Maybe the conservative trio wouldn’t get too worked up over potential damage to causes such as gay marriage or voting rights, but Kavanaugh swiftly drew a parallel between the $10,000 “bounty,” as he put it, that could be awarded to abortion opponents and a hypothetical law in another state that “everyone who sells an AR-15 is liable for a million dollars to any citizen.” Beto O’Rourke, who did considerable damage to his future in Texas politics by stating during his 2020 presidential primary campaign that he was coming for Texans’ guns, couldn’t have raised a scarier alarm to those on the right.

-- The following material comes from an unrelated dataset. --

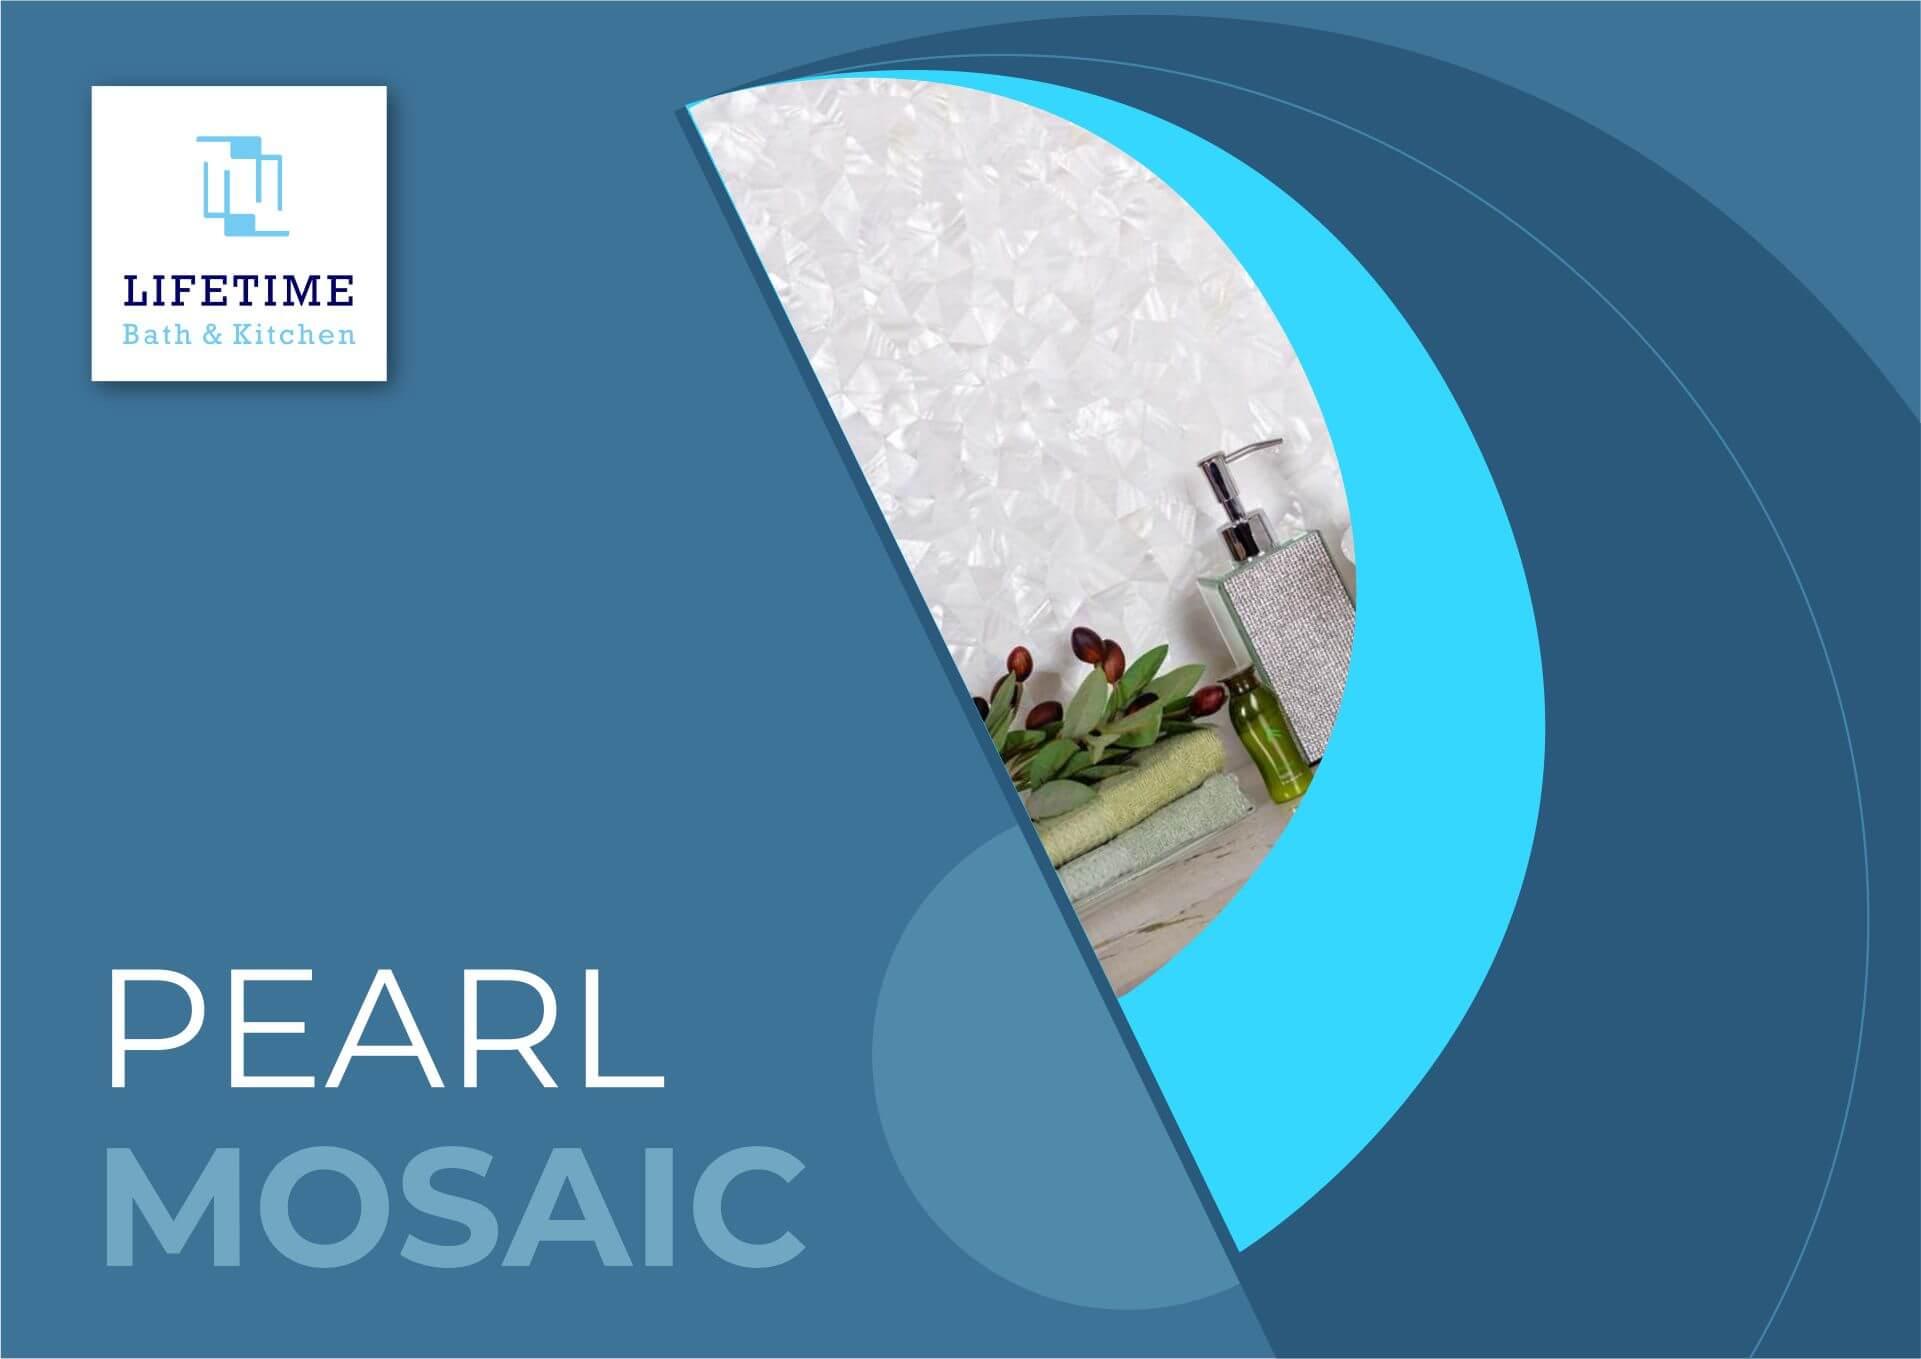 Pearl-Mosaic-page (2)

The special guest appearance by the creator of the law, former Texas solicitor general Jonathan Mitchell, did not send anyone into a swoon, either. The chief justice interrupted him repeatedly, seemingly unimpressed with Mitchell’s lawyerly version of mansplaining.
Immediately after Roberts concluded the hearing, speculation about the court’s possible decision, which could come as early as Friday, began. Some feared that the high court will refuse to grant the injunction, “softening the ground to overturn Roe,” as one attorney who has long fought to maintain access to abortion told me. That day could come soon, when a Mississippi law banning most abortions after fifteen weeks comes before the court on December 1.
But Julie Murray, senior staff attorney for Planned Parenthood Federation of America, believes the court could very well grant the preliminary injunction. The attorney for the providers, Mark Hearron, made a motion for emergency relief during the hearing. A temporary restraining order might also be a possibility. “If that decision were favorable, we could reinstate services,” Murray said, hoping that reinstatement would offer “quick relief” to women in need. “I use that word relative to the experience we have been having. Going sixty-three days without your constitutional rights isn’t quick.”
Regardless, the case could be made that abortion opponents have already won, regardless of what the Supreme Court decides. “With the exception of the two-day period when there was an injunction in the [government’s] case, we are where we have been for the last sixty-three days and counting,” Murray said. “The reality is we know many people in Texas have now been forced to continue a pregnancy they had decided to end.”
According to Murray, these include Texans who are already parents and who know they cannot care for a child emotionally or economically, minors who need court permission for an abortion and cannot get out of state on their own, and victims of family violence. “The situation on the ground is dire, and has been dire, and nothing about the arguments yesterday has changed that reality,” Murray said, before she echoed the concerns stated by Kavanaugh that the law could be a model used by other states to target other rights guaranteed by the Constitution. “This law, that was designed to violate a clear constitutional right, is working exactly as the Legislature wanted it to. It takes away peoples’ autonomy.”